On the drawing board: Shoreditch Highgate Hotel tower by Gensler



In London, stack is back. Shoreditch High Street is the site for a 105m-high tower of stacked volumes, provisionally called the Shoreditch Highgate Hotel after the New York-based developer Highgate Hotels. The 29,600 sq m building will house a 200-room hotel, retail, events space and offices, some aimed at the tech startup sector. The base aims to bring Shoreditch streetlife into the building. Gensler’s principal and practice area leader for tall buildings Lukasz Platkowski and associate Valeria Segovia had a stack of answers about it for Herbert Wright.

What was the initial inspiration for the design?
Valerie Segovia: The area has a lot of similarities with what the client had in mind — the Meat Packing District in New York, poor and trendy.

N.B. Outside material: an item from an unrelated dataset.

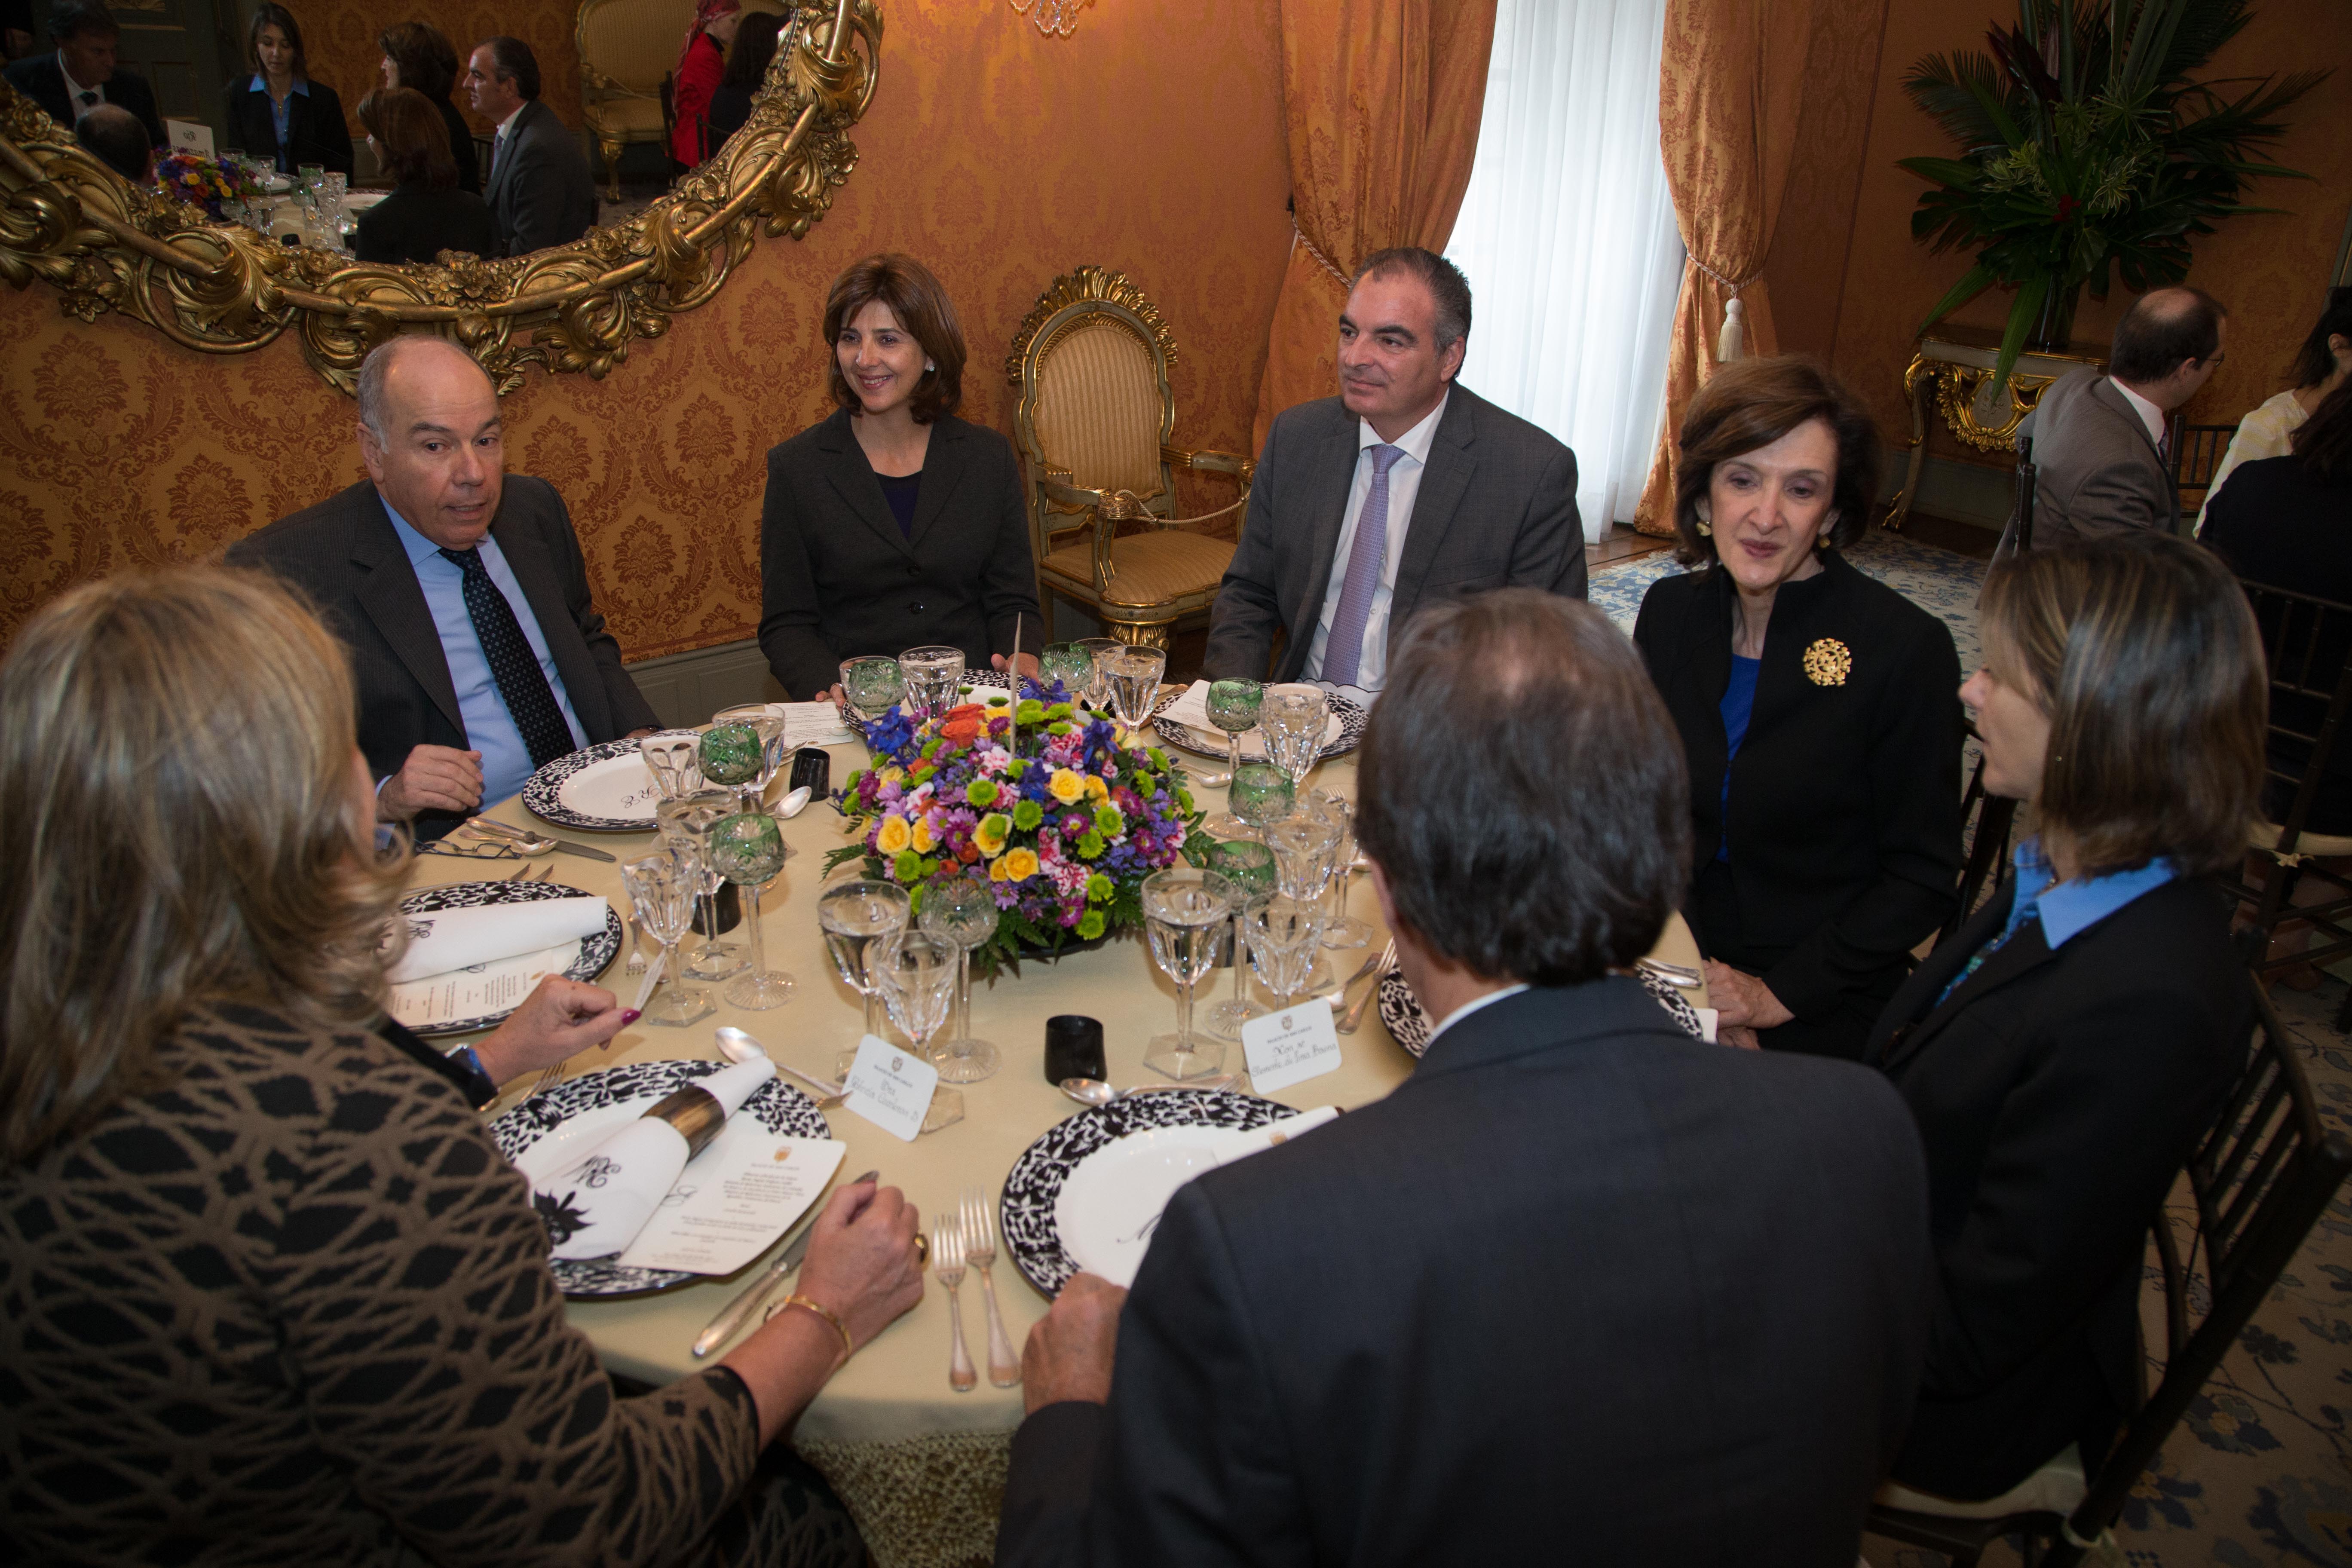  La Ministra de Relaciones Exteriores María Ángela Holguín ofreció un almuerzo en honor a su homólogo de Brasil Mauro Vieira

The site is super-interesting, shaped by infrastructure, so it has awkwardly shaped edges. It’s in an area of change. It’s really busy, it’s vibrant. Neither client nor planners were looking for a glassy building that looked commercial; they were looking for something that related to the look of Shoreditch.

High-rise ‘stack architecture’ is resurgent, for example in BIG’s WTC2 in New York. Is the Shoreditch tower just responding to a contemporary trend?
VS:
This is a new model for a mixed-use tall building. The form and style is driven by two important aspects. First, it is articulated to host different types of users, shaped in response to programmatic requirements. Secondly, the building is highly contextual, its height is driven by its pivotal point within the Shoreditch Triangle and its proximity to the City cluster. The stacked volumes are orchestrated following the scale, pace, rhythm and physicality of the surrounding Shoreditch buildings.

Valeria Segovia
Valeria Segovia

Lukasz Platkowski: It’s a transition from the sleek towers of the City to the very porous and fragmented Shoreditch. We were not trying to flex our muscles. Sometimes we call it a vertical high street. On the high street, you have different types of building. We turn them 90 degrees and put them one on top of another. Inside-out design means you think about the end user, not that you make a nice shape and try to fit and push people into this space.

What about the facades - why dark glass framed in black steel?
VS: It has the grittiness, rawness and solidity of Shoreditch. Articulated openings take you back to the idea of the factory.

LP: Young office-users see the office as an extension of the house. It needs to be authentic to attract the talent. That’s why the materials are very simple.

Above the base are different types of office and hotel, but what are the public components? And does the tower react to Shoreditch’s nightlife?

VS: The [three level] Market relates to the street, a very public and porous base, and it has no doors, no differentiated spaces. The Shed is where all the public-related programmes of the office will happen. It’s like the belly button of the building.

[Its] terrace level relates to the height of the Tea Building, which is just around the corner. At the top, the Sky Lounge is all about panorama and is open to the public. It’s a 24-hour building. LP: The Market basement can be acoustically separated. We don’t have a car park.

Lukasz Platkowski
Lukasz Platkowski

There are three floors aimed at tech start-ups. How did that inform design?
VS: We always call those floors the creative office. It’s [for] a very different type of user. It’s not about getting as much light as possible. Sometimes these people will need a wall to project on. They need gatherings, they need space for thinking. At level 7, you have the large flexible space, then steps that come down to really integrate the three levels.

LP: The worst place to put the core is in the centre. You want to have a void, an atrium. By putting the core on one side, you have a big open space, then you have space for small companies. We have large, extremely flexible [spaces] for tech sector, and small offices for small companies that just want to rent 20 sq m to 50 sq m.

Did you learn from the One Canada Square co-working project, Level 39?
LP: We had to provide very different spaces, but we had uniform planning depths. At Level 39 you can rent a table by the hour or for three months, or half the floor. We did the Merchandise Mart, Chicago [a co-working incubator floor for 400, called 1871], it works in the same way. Here, it’s about 300 workers in the co-worker space. It can work 24/7.

How the new building will stack up
How the new building will stack up

But what happens when the office market changes and tech start-ups aren’t so hot?
LP: In the future, [it] can be adapted to residential. VS: It’s built to BCO standards, so it could easily allow for the financial or legal sectors.

What do you say to those who say that development is destroying the soul of Shoreditch?
VS: Have you seen what is on the site now? It’s a site that’s not taking advantage of what it can provide to the area. It’s very undeveloped and this provides vibrancy. [The client is] talking about exhibitions in The Shed and maybe having a solid wall, providing access to local graffiti artists. In some of its New York hotels, such as The Quinn and The Knickerbocker, they curate the art.